About this task:
Look through the material below and copy exactly the lines from the line with "Baked Hoisin Chicken" to the line with "Samsung SMH8165STE user", those two lines included.

Data provided:
=-=-=
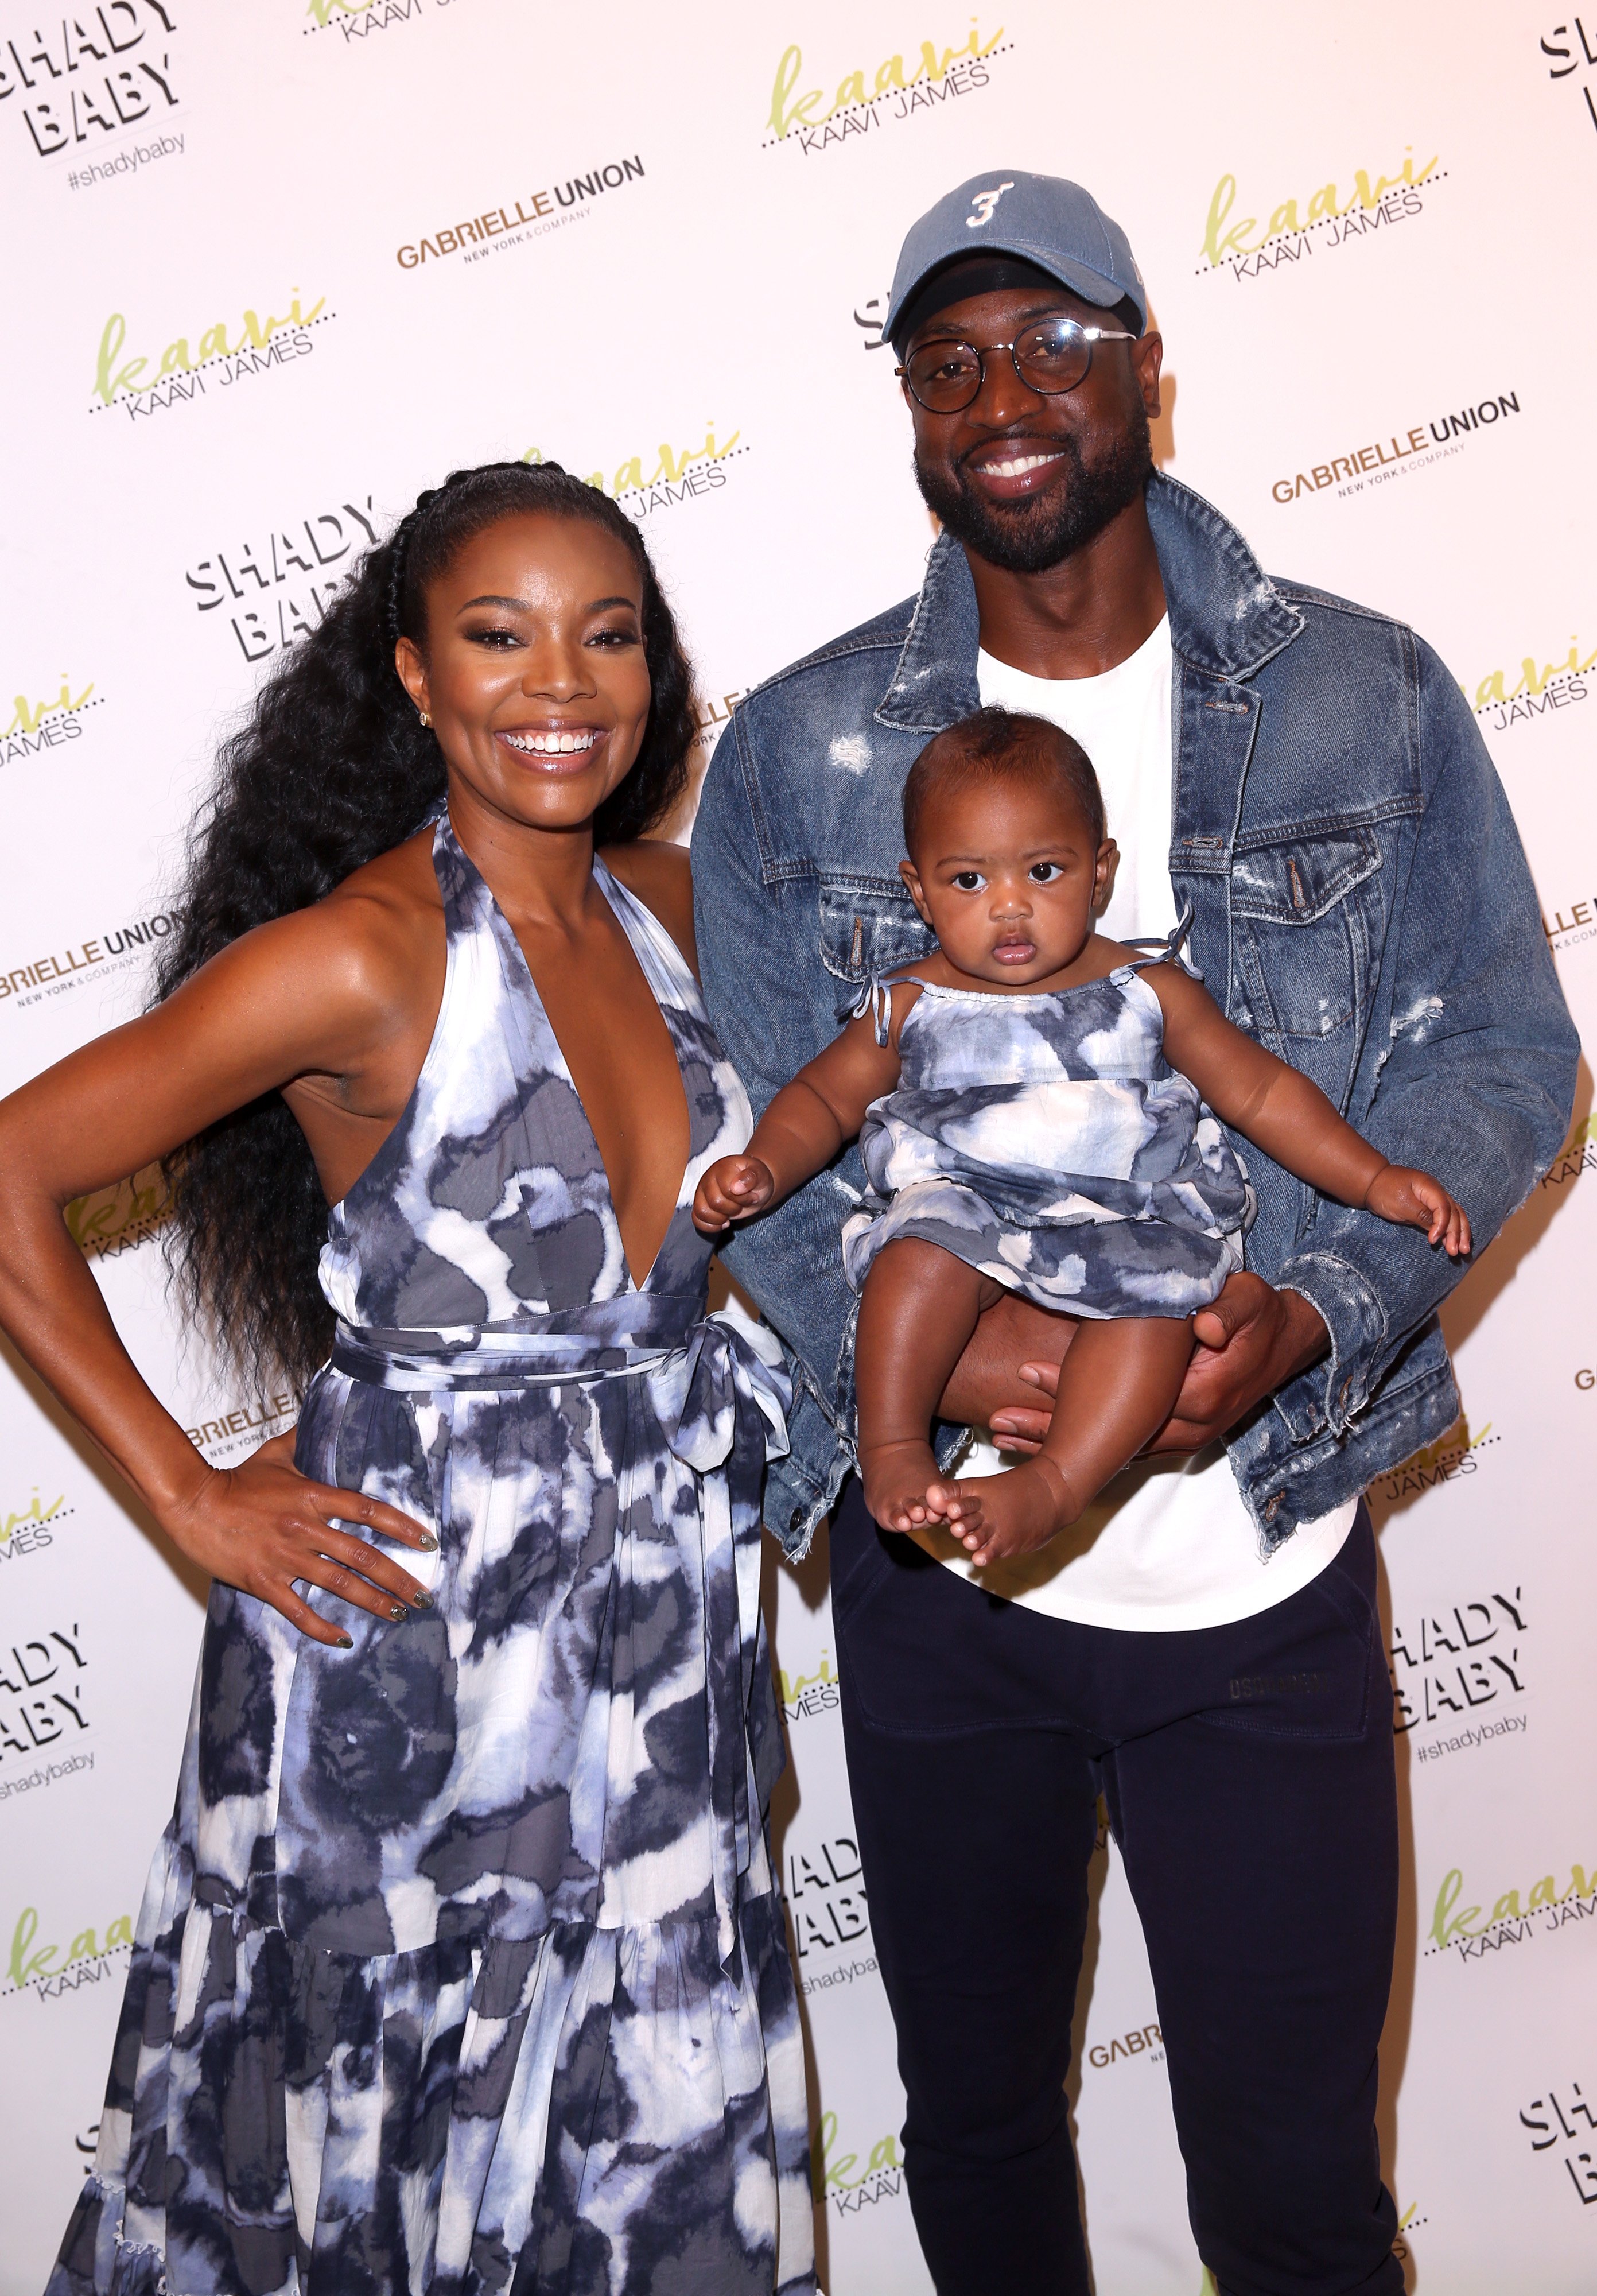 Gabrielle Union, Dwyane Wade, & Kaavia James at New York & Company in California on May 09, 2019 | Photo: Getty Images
=-=-=
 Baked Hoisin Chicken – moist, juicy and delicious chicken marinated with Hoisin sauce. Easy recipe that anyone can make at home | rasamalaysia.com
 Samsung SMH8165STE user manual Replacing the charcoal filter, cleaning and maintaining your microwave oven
=-=-=
Response:
 Baked Hoisin Chicken – moist, juicy and delicious chicken marinated with Hoisin sauce. Easy recipe that anyone can make at home | rasamalaysia.com
 Samsung SMH8165STE user manual Replacing the charcoal filter, cleaning and maintaining your microwave oven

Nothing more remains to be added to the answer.